Беженцы, конечно, были в восхищении от молодой сербской демократии. Социал-демократы сразу же заговорили о «сербском пути к социализму», противопоставляя этот путь «русскому пути». Многие коммунисты тогда на эту удочку попались. В том числе и я. После выздоровления мне пришлось взять работу не по своей специальности — в политическом отделе городской думы. Мои обязанности, помимо устройства беженцев, заключались главным образом в работе среди шахтеров. Я должен был агитировать против венгерского белого террора. И если я и не пел хвалебных гимнов сербской демократии, как это делали многие, то я ей все же служил. И сербы, которые были заинтересованы в Пече и шахтах, не остались предо мной в долгу. Жил я хорошо и мог бы отрастить себе брюшко, кабы не Видор Мукич.

Видор Мукич… Вряд ли вы, товарищ Тимар, или кто-либо из ваших сверстников слыхали об этом человеке. Он был из старой гвардии того периода, когда Бокани [33] первый раз сидел в тюрьме. Я был еще молодым парнем, когда познакомился с Мукичем. Две ночи напролет просвещал он меня. Говорил так интересно, что его можно было заслушаться. Он был сын кузнеца из Словении [34].В молодости объездил чуть ли не всю Европу. На всех языках говорил понемногу. Не было в Европе революционной организации, от которой он чему-нибудь не научился. Он имел дело с полицией всех европейских стран. Когда я с ним познакомился, этот невысокий худой рыжеватый человек был членом организации пештских металлистов и называл себя то анархистом, то синдикалистом, то просто антимилитаристом. Мне сдается, что, в сущности, он был просто-напросто сербским — вернее, югославским — националистом, — это ясно проскальзывало во всех его, даже самых революционных, выступлениях. В двенадцатом году его выслали этапом в Словению (мне отлично запомнился этот случай: он уехал тогда в моих парадных штанах), и с тех пор я ничего не слыхал о нем. Значительно позже я узнал от него самого, что в четырнадцатом году, когда началась война, он перешел в Сербию и всю войну прослужил в сербской армии. Дважды или трижды был ранен. Д-да… Ну-с, так вот однажды в воскресенье утром, в марте девятьсот двадцатого года ввалился ко мне этот самый Видор Мукич. Я еще лежал в постели (у меня была тогда отлично меблированная комната с прекрасной кроватью). Мукич был в ужасном состоянии. Исхудалый, грязный, оборванный, изъеденный вшами, в чесотке. Мы не узнали друг друга. И только после долгих разговоров выяснилось, что мы уже давно знакомы.
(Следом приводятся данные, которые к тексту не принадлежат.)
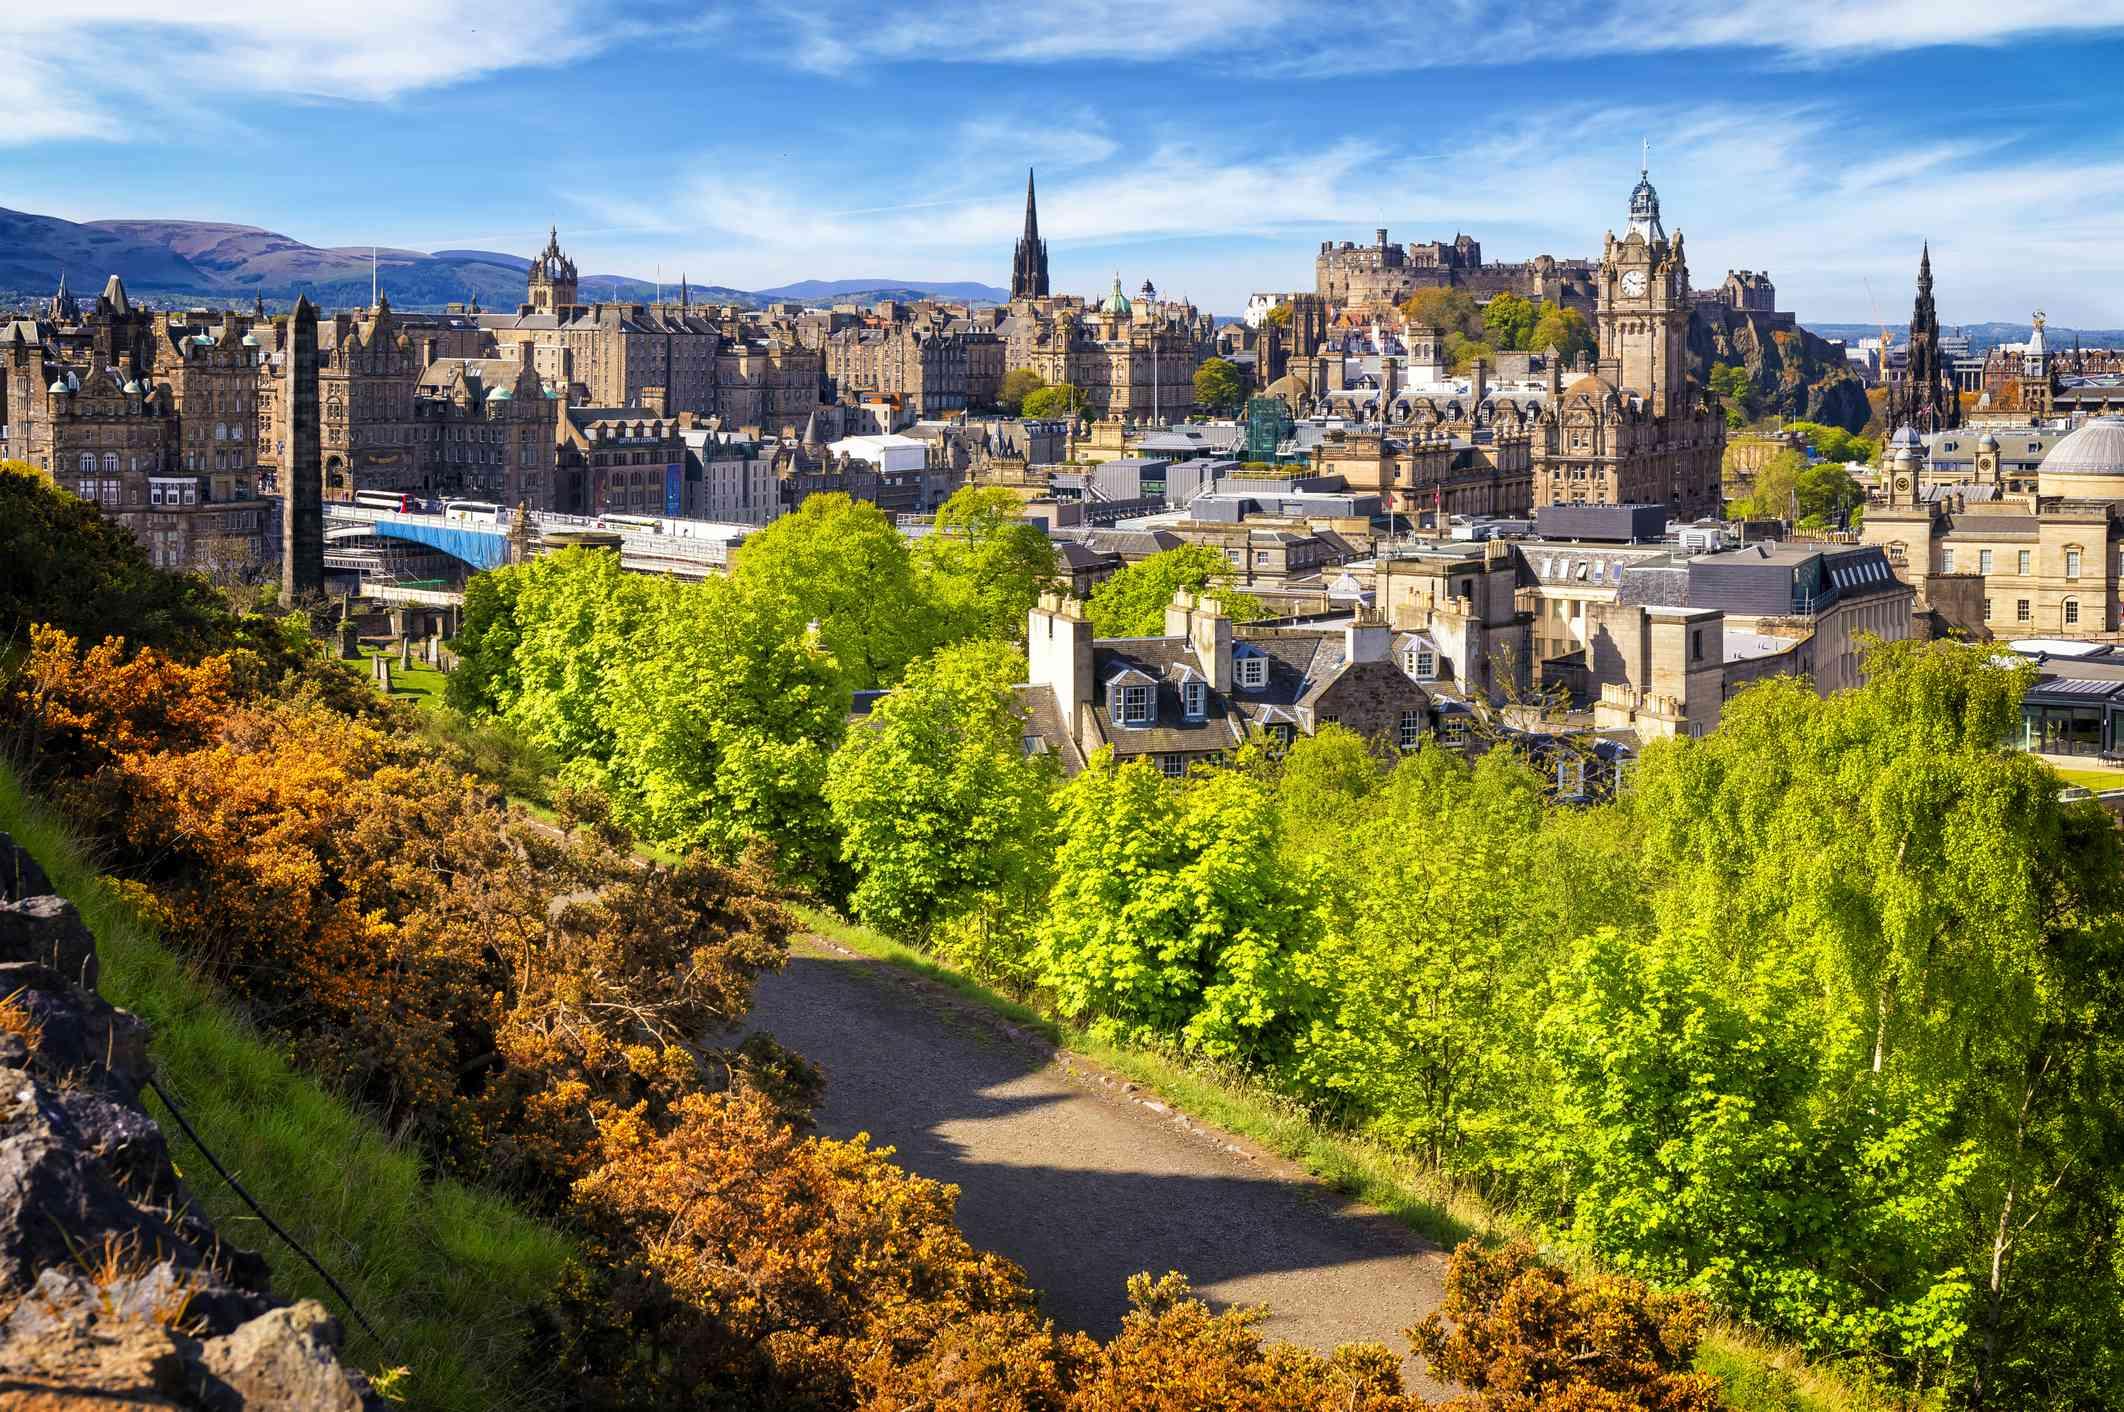 View over historic Edinburgh from Calton Hill, Scotland, UK

— Откуда? — спросил я его.

— Бежал из Венгрии. Белые террористы…

— Понятно, понятно! А откуда узнал мой адрес?

— В городской управе.

— Отлично.

Когда он сбросил свое тряпье, чтобы помыться, я увидел его спину. Она была полосатая, как у зебры. Я уже несколько месяцев занимался делами венгерских беженцев. Мне были знакомы эти полосы — следы избиения палками. Грудь тоже изранена — ожоги от сигар.

— Где ты побывал?

— В Венгрии. Потом расскажу.

В то время ходили слухи, что Антанта требует эвакуации Печ. Молодая сербская демократия ответила на это усилением пропаганды против венгерского белого террора. Надо было заставить горняков города Печ и окрестностей протестовать против эвакуации, протестовать против передачи Печ бандитам Хорти. В день приезда Мукича у нас и был назначен такой митинг протеста. Я взял Мукича на митинг. После моего выступления он сбросил с себя рубашку и обнажил спину.

Крики возмущения. Тысячи поднятых кулаков.

— Долой венгерских бандитов!

С разных сторон раздались слабые крики: «Ура Сербии!»

После ужина мы с Мукичем отправились домой. Он должен был ночевать у меня. Когда мы вошли в комнату, Мукич стал перед большим висячим зеркалом, — комната у меня была настолько роскошная, что даже в зеркалах недостатка не было, — словом, он стал перед зеркалом и плюнул в стекло. Стоял и плевал. Этак раз десять.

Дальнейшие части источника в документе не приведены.